Show that the gravitational potential $\mathit{V}\mathbf{=}\mathbf{-}\frac{\mathbf{G}\mathbf{m}}{\mathbf{r}}$satisfies Laplace's equation, that is, show that ${\mathbf{\nabla }}^{\mathbf{2}}\mathbf{\left(}\raisebox{1ex}{$\mathbf{1}$}\!\left/ \!\raisebox{-1ex}{$\mathbf{r}$}\right.\mathbf{\right)}\mathbf{=}\mathbf{0}$where${\mathit{r}}^{\mathbf{2}}\mathbf{=}{\mathit{x}}^{\mathbf{2}}\mathbf{+}{\mathit{y}}^{\mathbf{2}}\mathbf{+}{\mathit{z}}^{\mathbf{2}}\mathbf{,}\mathit{r}\mathbf{\ne }\mathbf{0}$.
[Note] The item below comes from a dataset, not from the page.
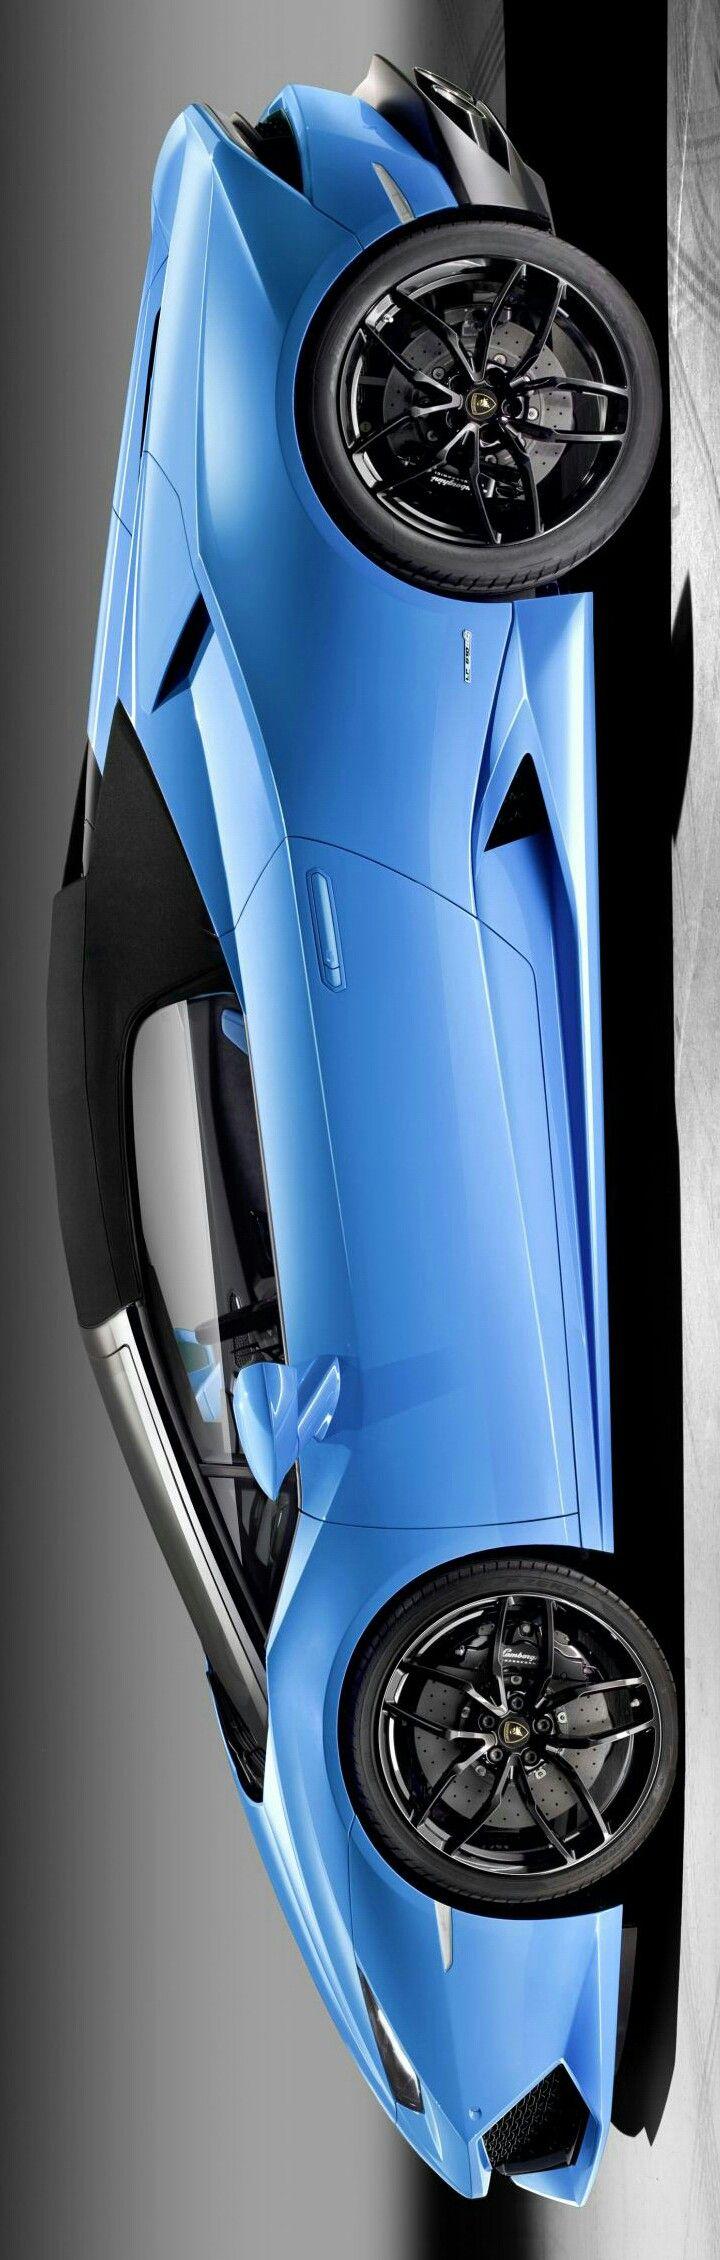 2017 Lamborghini Huracan Spyder by Levon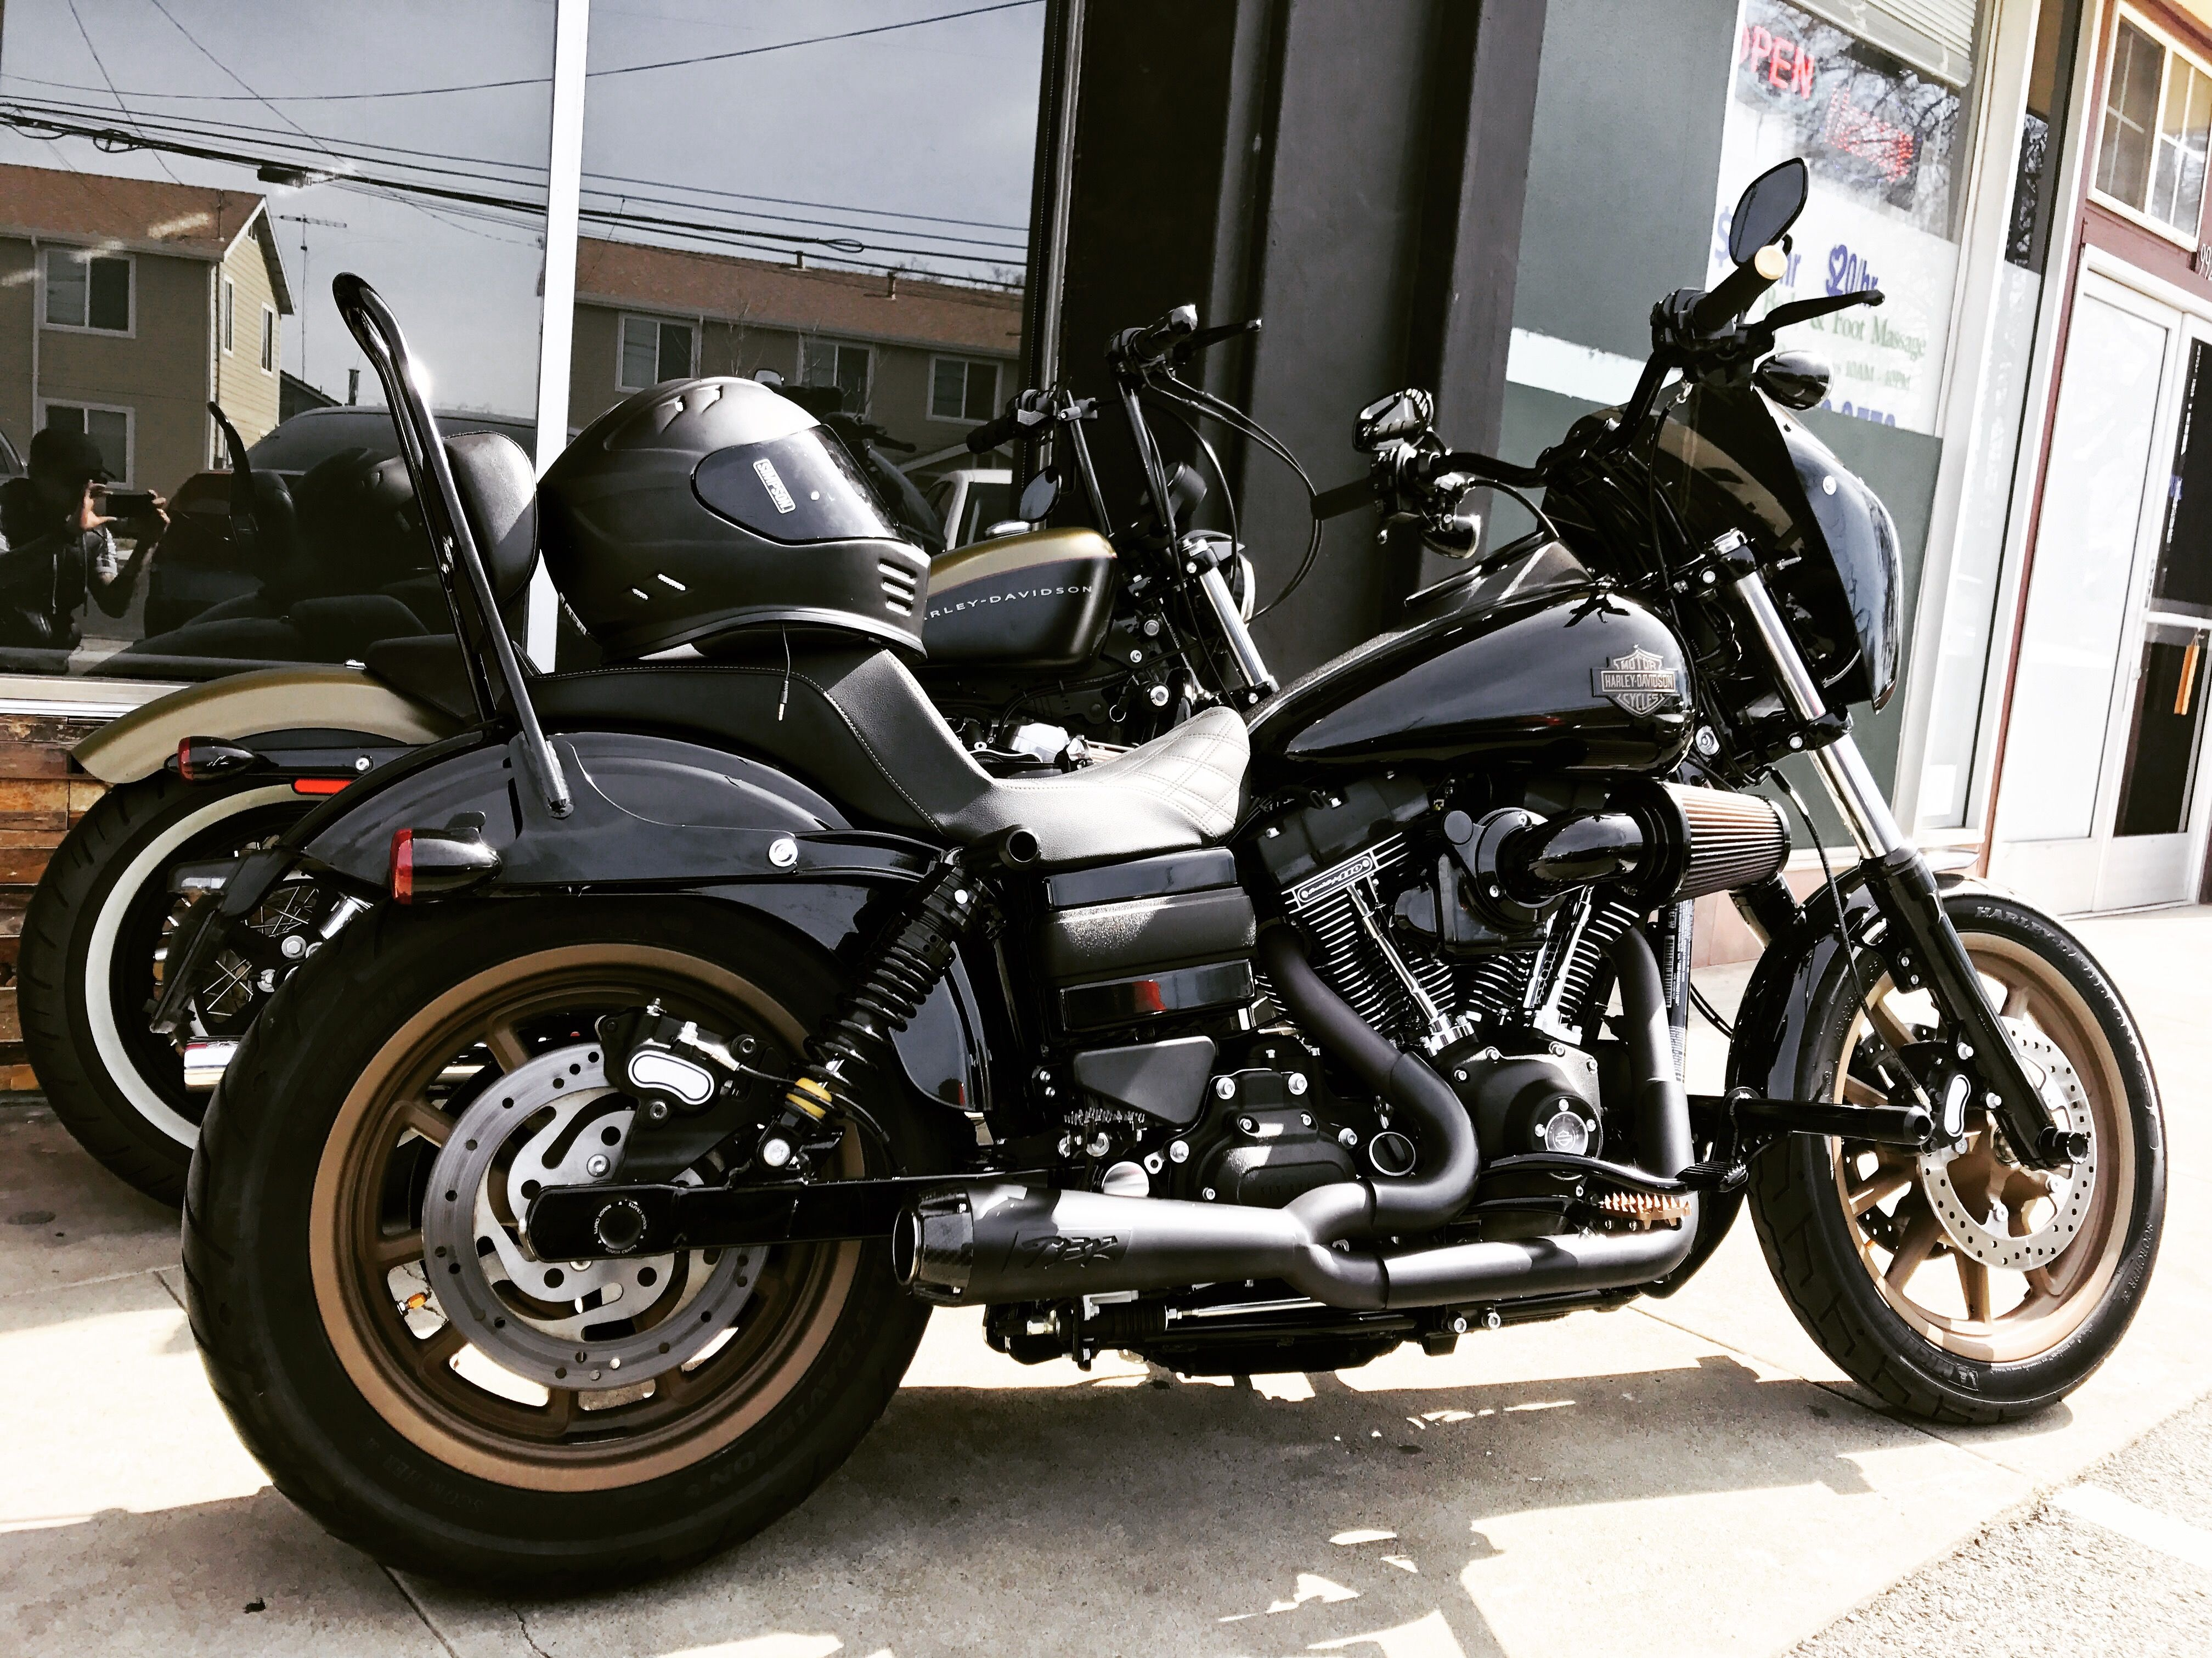 2017 Lowrider S 110 Ci Harley Dyna Harley Davidson Bikes Dyna Club Style

The given equations are as follows.

$\begin{array}{l}{r}^2=x^2+y^2+z^2\\ {\nabla }^2=\frac{{\partial }^2}{\partial x^2}+\frac{{\partial }^2}{\partial y^2}+\frac{{\partial }^2}{\partial z^2}\end{array}$

The total of the second-order partial derivatives of R , the unknown function, with respect to the Cartesian coordinates, according to Laplace's equation, equals zero.

Put given values in equation${\nabla }^2\left(\frac{1}{r}\right)=0$.

${\nabla }^2\left(\frac{1}{r}\right)=(\frac{{\partial }^2}{\partial x^2}+\frac{{\partial }^2}{\partial y^2}+\frac{{\partial }^2}{\partial z^2})\left(\frac{1}{\sqrt{x^2+y^2+z^2}}\right)$ …….(1)

Find the derivative to prove the equation zero.

$\begin{array}{c}\frac{{\partial }^2}{\partial x^2}\left(\frac{1}{\sqrt{x^2+y^2+z^2}}\right)=\frac{\partial }{\partial x}[-\frac{1}{2}\frac{2x}{{(x^2+y^2+z^2)}^{3/2}}]\\ =-\frac{\partial }{\partial x}\left[\frac{x}{{(x^2+y^2+z^2)}^{3/2}}\right]\end{array}$

Similarly, the other two derivatives are as follows.

$\begin{array}{c}\frac{{\partial }^2}{\partial x^2}\left(\frac{1}{\sqrt{x^2+y^2+z^2}}\right)=-\frac{1}{{(x^2+y^2+z^2)}^{3/2}}+\frac{3}{2}\frac{x\left(2x\right)}{{(x^2+y^2+z^2)}^{5/2}}\\ =-\frac{1}{{(x^2+y^2+z^2)}^{3/2}}+3\frac{x^2}{{(x^2+y^2+z^2)}^{5/2}}\end{array}$

Put the derivative value in equation(1).

$\begin{array}{c}{\nabla }^2\left(\frac{1}{r}\right)=-3\frac{1}{{(x^2+y^2+z^2)}^{3/2}}+3\frac{x^2+y^2+z^2}{{(x^2+y^2+z^2)}^{5/2}}\\ =-3\frac{1}{{(x^2+y^2+z^2)}^{3/2}}+3\frac{1}{{(x^2+y^2+z^2)}^{3/2}}\end{array}$

${\nabla }^2\left(\frac{1}{r}\right)=0$

Hence, the gravitational potential $V=-\frac{Gm}{r}$satisfies the Laplace equation is proved.